Diversification Opportunities for Virtus ETF and Pacer Pacific

0.86
  Correlation Coefficient

Very poor diversification

The 3 months correlation between Virtus and Pacer is 0.86. Overlapping area represents the amount of risk that can be diversified away by holding Virtus ETF Trust and Pacer Pacific Asset in the same portfolio, assuming nothing else is changed. The correlation between historical prices or returns on Pacer Pacific Asset and Virtus ETF is a relative statistical measure of the degree to which these equity instruments tend to move together. The correlation coefficient measures the extent to which returns on Virtus ETF Trust are associated (or correlated) with Pacer Pacific. Values of the correlation coefficient range from -1 to +1, where. The correlation of zero (0) is possible when the price movement of Pacer Pacific Asset has no effect on the direction of Virtus ETF i.e., Virtus ETF and Pacer Pacific go up and down completely randomly.

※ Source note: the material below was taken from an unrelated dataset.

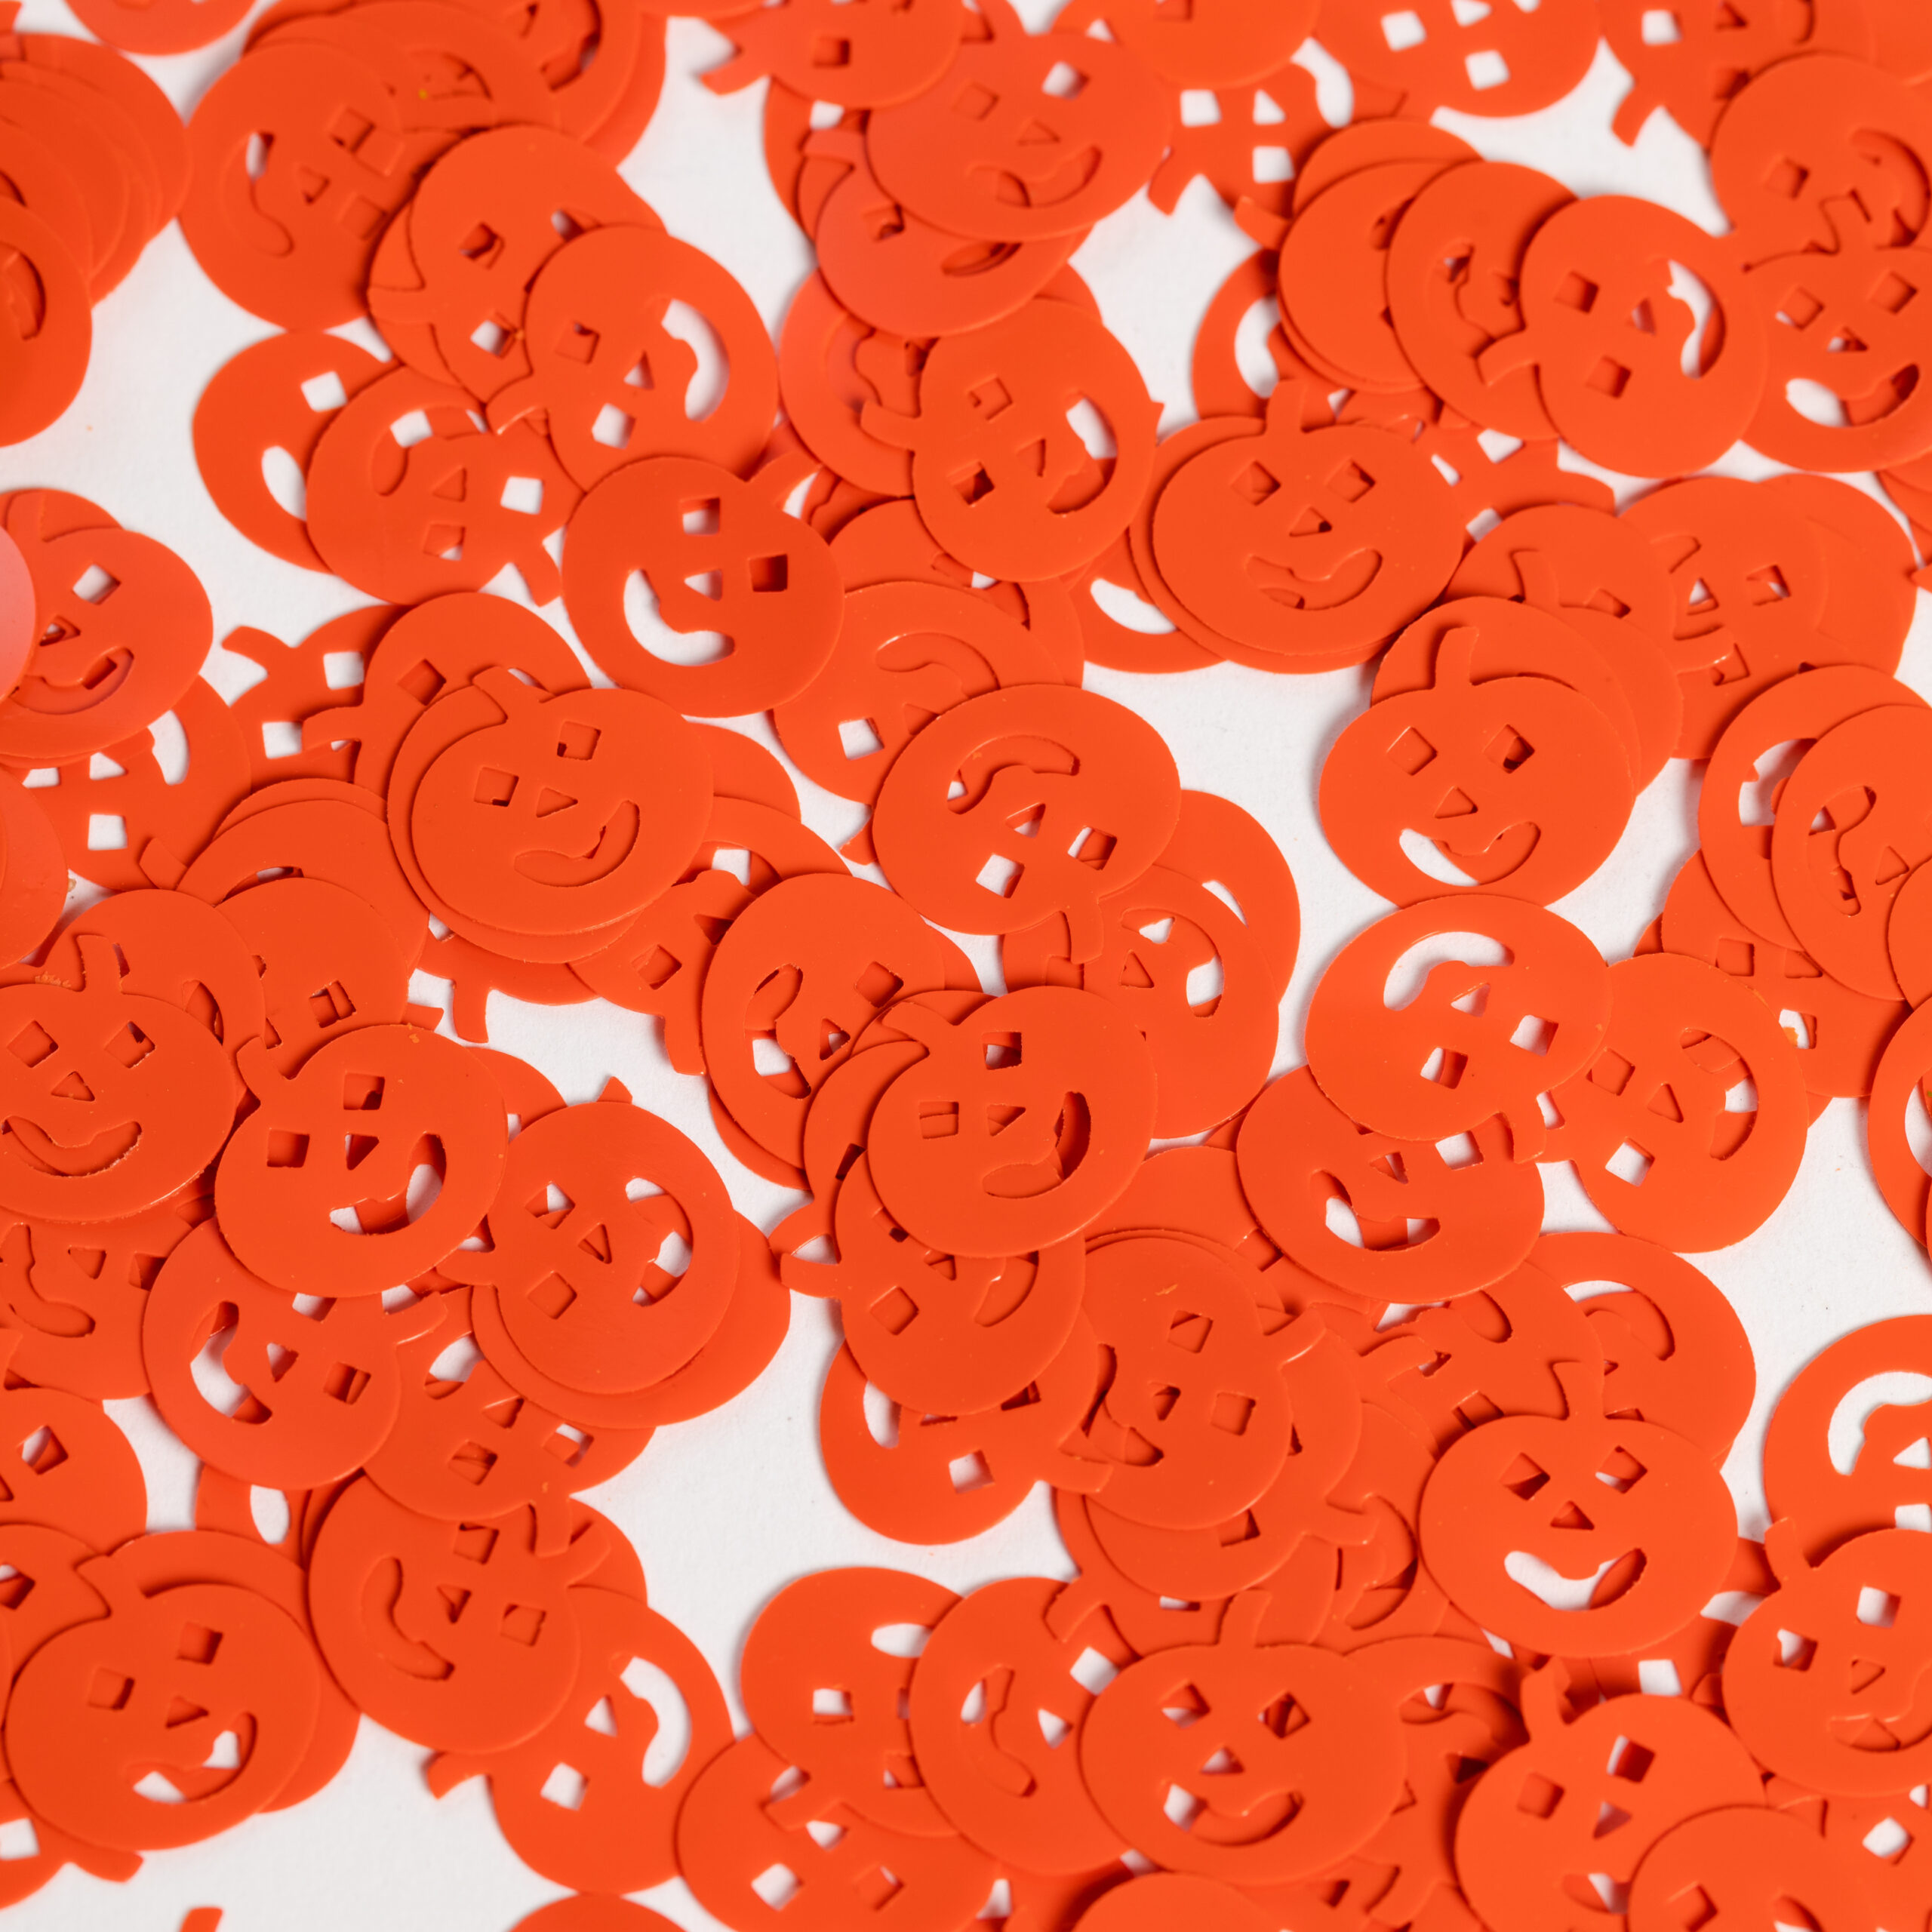 Sier-Confetti Pompoenen Oranje 14gram

Pair Corralation between Virtus ETF and Pacer Pacific

Given the investment horizon of 90 days Virtus ETF Trust is expected to generate 0.91 times more return on investment than Pacer Pacific. However, Virtus ETF Trust is 1.1 times less risky than Pacer Pacific. It trades about 0.05 of its potential returns per unit of risk. Pacer Pacific Asset is currently generating about 0.01 per unit of risk. If you would invest  2,355  in Virtus ETF Trust on December 28, 2024 and sell it today you would earn a total of  7.00  from holding Virtus ETF Trust or generate 0.3% return on investment over 90 days.
Time Period3 Months [change]
DirectionMoves Together 
StrengthStrong
Accuracy100.0%
ValuesDaily Returns

Virtus ETF Trust  vs.  Pacer Pacific Asset

 Performance 
       Timeline  
Virtus ETF Trust 

Risk-Adjusted Performance

Insignificant

 
Weak
 
Strong
Compared to the overall equity markets, risk-adjusted returns on investments in Virtus ETF Trust are ranked lower than 4 (%) of all global equities and portfolios over the last 90 days. In spite of fairly strong forward indicators, Virtus ETF is not utilizing all of its potentials. The current stock price disturbance, may contribute to short-term losses for the investors.
Pacer Pacific Asset 

Risk-Adjusted Performance

Very Weak

 
Weak
 
Strong
Over the last 90 days Pacer Pacific Asset has generated negative risk-adjusted returns adding no value to investors with long positions. In spite of comparatively stable basic indicators, Pacer Pacific is not utilizing all of its potentials. The latest stock price uproar, may contribute to short-horizon losses for the private investors.

Virtus ETF and Pacer Pacific Volatility Contrast

   Predicted Return Density   
       Returns  

Pair Trading with Virtus ETF and Pacer Pacific

The main advantage of trading using opposite Virtus ETF and Pacer Pacific positions is that it hedges away some unsystematic risk. Because of two separate transactions, even if Virtus ETF position performs unexpectedly, Pacer Pacific can make up some of the losses. Pair trading also minimizes risk from directional movements in the market. For example, if an entire industry or sector drops because of unexpected headlines, the short position in Pacer Pacific will offset losses from the drop in Pacer Pacific's long position.
The idea behind Virtus ETF Trust and Pacer Pacific Asset pairs trading is to make the combined position market-neutral, meaning the overall market's direction will not affect its win or loss (or potential downside or upside). This can be achieved by designing a pairs trade with two highly correlated stocks or equities that operate in a similar space or sector, making it possible to obtain profits through simple and relatively low-risk investment.
Check out your portfolio center.
Note that this page's information should be used as a complementary analysis to find the right mix of equity instruments to add to your existing portfolios or create a brand new portfolio. You can also try the Performance Analysis module to check effects of mean-variance optimization against your current asset allocation.